Bankruptcy cancels your personal legal obligation to pay a debt, even a secured debt. This means the secured creditor can't sue you after a bankruptcy to collect the money you owe. But, and this is a big “but,” the creditor can still take back their collateral if you don't pay the debt.

How much home equity can you keep in bankruptcy? ›

There is good news for California homeowners who are considering filing for bankruptcy protection. A new state law raises the homestead exemption — the amount of home equity that can be shielded from creditors in a Chapter 7 or Chapter 13 — to a minimum of $300,000 and a maximum of $600,000.

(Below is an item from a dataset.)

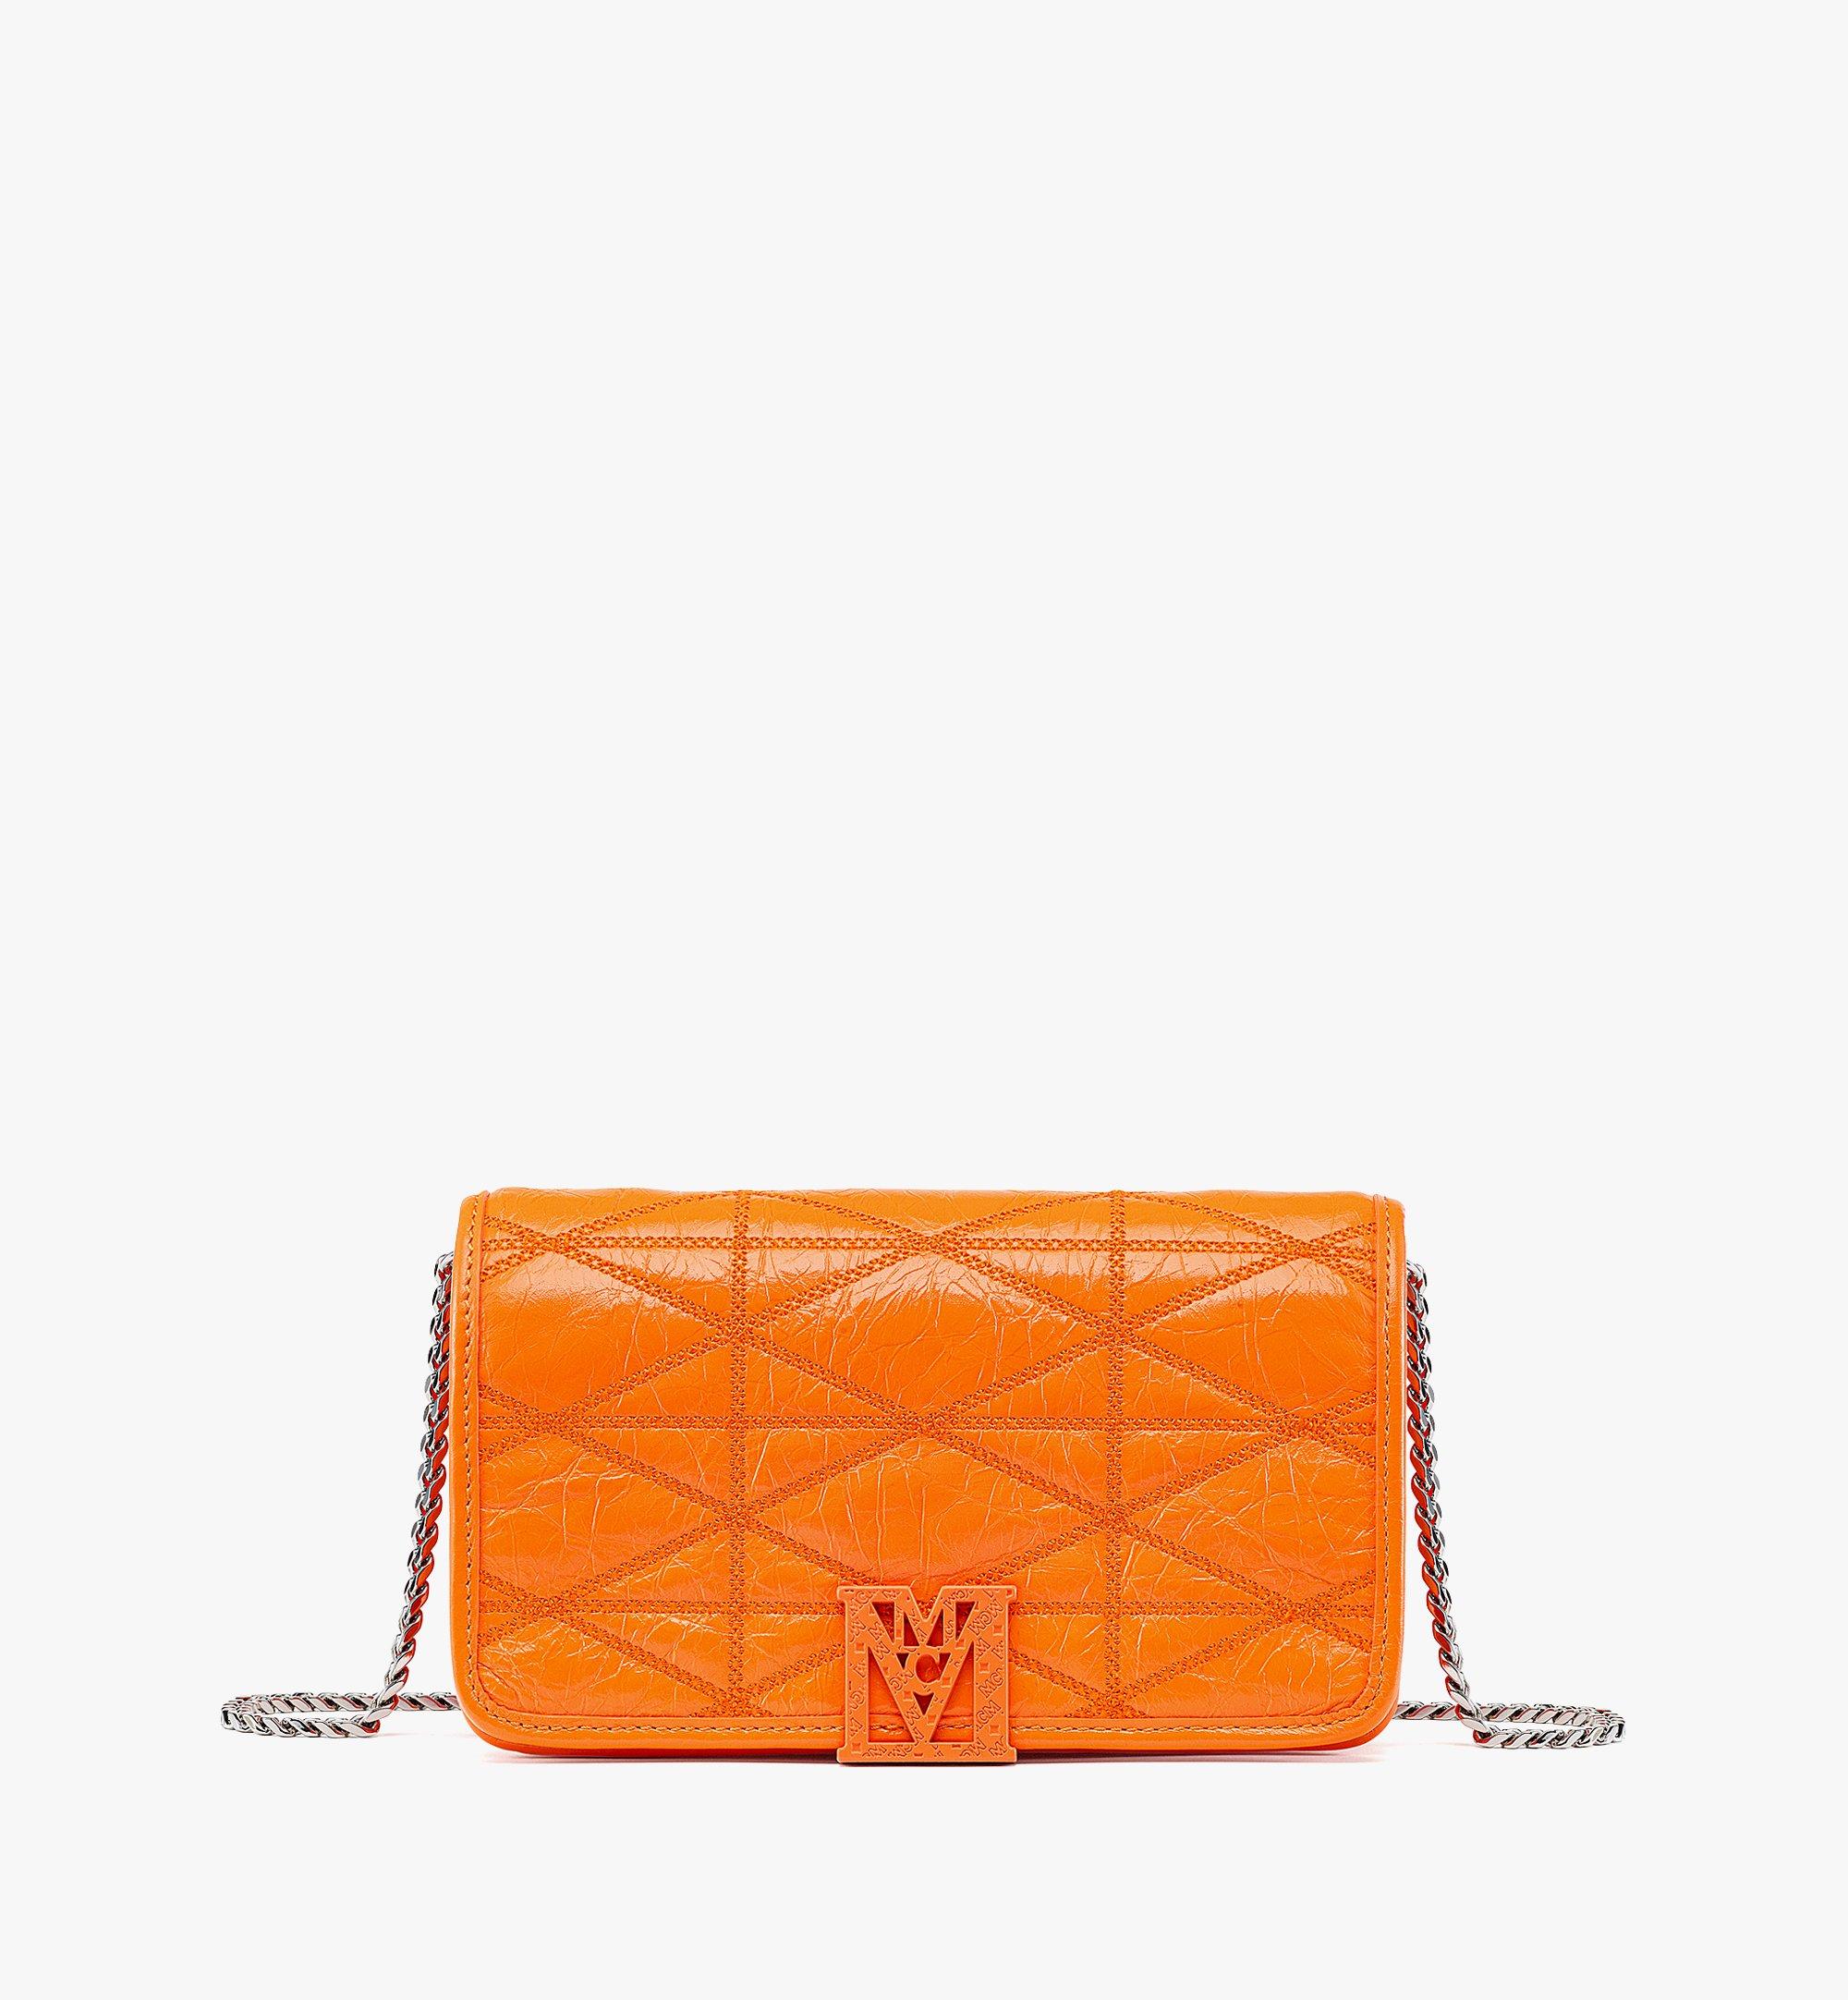 MCM Travia Quilted Chain Wallet in Crushed Leather Orange MYLDALM01O0001 Alternate View 1

Can I get a 2nd mortgage after bankruptcy? ›

It's possible to get a mortgage after bankruptcy is dismissed or discharged. However, there is usually a waiting period before you can apply for another mortgage. Are you looking for a new home, but you have a previous bankruptcy and strong credit? Rocket Mortgage can help you review your options.

Can I refinance my mortgage while in Chapter 13 bankruptcy? ›

To refinance your home during Chapter 13 bankruptcy, you must first obtain written permission from the bankruptcy trustee. More specifically, the lender will want proof that refinancing will not negatively impact your repayment plan.

How do I get my mortgage back on my credit report after bankruptcy? ›

You recently filed for bankruptcy

Unless you sign a reaffirmation agreement, your mortgage will likely fall off your credit report. If this happens to you, you can walk away from the loan, if necessary. Or, you can choose to remain in your home—as long as you stay current on the mortgage.

What happens to a mortgage after Chapter 13 discharge? ›

Unlike other debts, your mortgage payments will not be discharged after you complete your payment plan. In other words, you'll have to keep paying your mortgage in order to keep your home after you've completed your chapter 13 obligations.